持ち場につき、しばらく一人と一振りの間に沈黙が飛びまわる中、ツィーガの記憶が遡及していく。ドーミラでの一件後、ラーガ・シュタイエルについて調べたときのことだ。戦乱の収まった今では空位となっているが、五〇年前の、そして最後の戦士長。大規模な騒乱の時期に『剣聖』『エスパダールの魂』『古今無双』とまで讃えられていた英雄などという記述を見て、慌てて本人に対して問いただしたものである。国家間紛争についての論争を好まない社会情勢であり、戦争の時代だった近代史を学ぶ人間が少ないとはいえ、無知を晒したツィーガは恐縮しきりだった。
「ここに書いてある内容、本当にラーガなのか?」
『ま、多少は誇張してあるがな。どうだ、尊敬したか?』
「尊敬というか、あまりに話がでかすぎて、何とも」
ラーガはかちゃりと音を鳴らす。
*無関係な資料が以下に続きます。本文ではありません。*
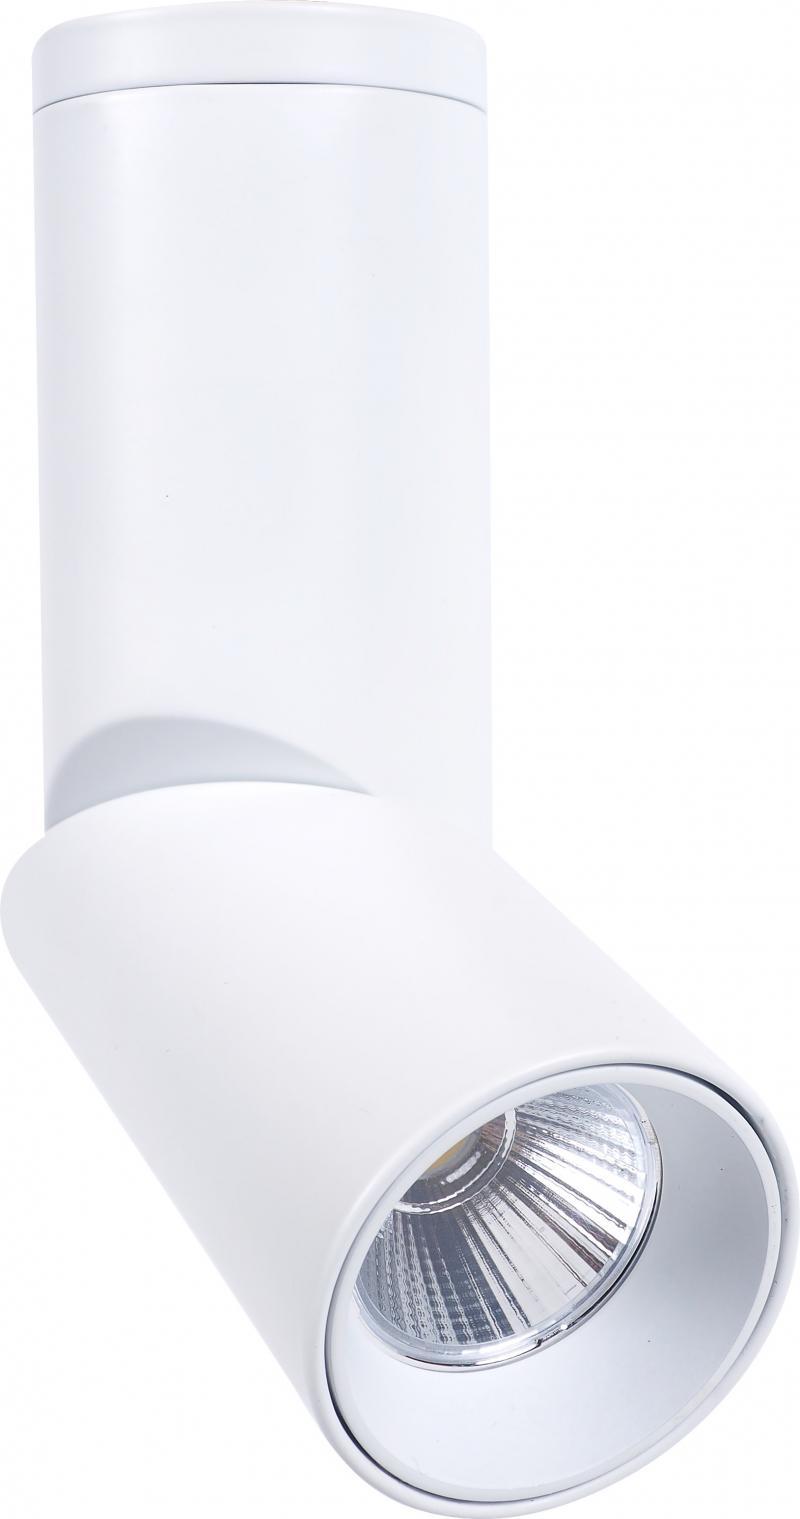 Спот-бра светодиодный Spot 05-CLL10W, 10 Вт, цвет белый

溜息というよりは苦笑のようである。
『まあいい。別に恐縮されたいわけじゃない。堅くなられてもこまるぞ』
あっさりと言い放つと、ラーガの過去についての話題はそれきりとなった。いかに、彼自身の希望とはいえ、伝説の戦士といっても過言ではない男の魂が、一兵卒にすぎない自分のような人間の法具として、果たして使われるようなものなのだろうか。ラーガの人生について、質問したい気持ちは日々強まっていくが、本人が話すのを待ったほうがいいのだろうと考えてもいた……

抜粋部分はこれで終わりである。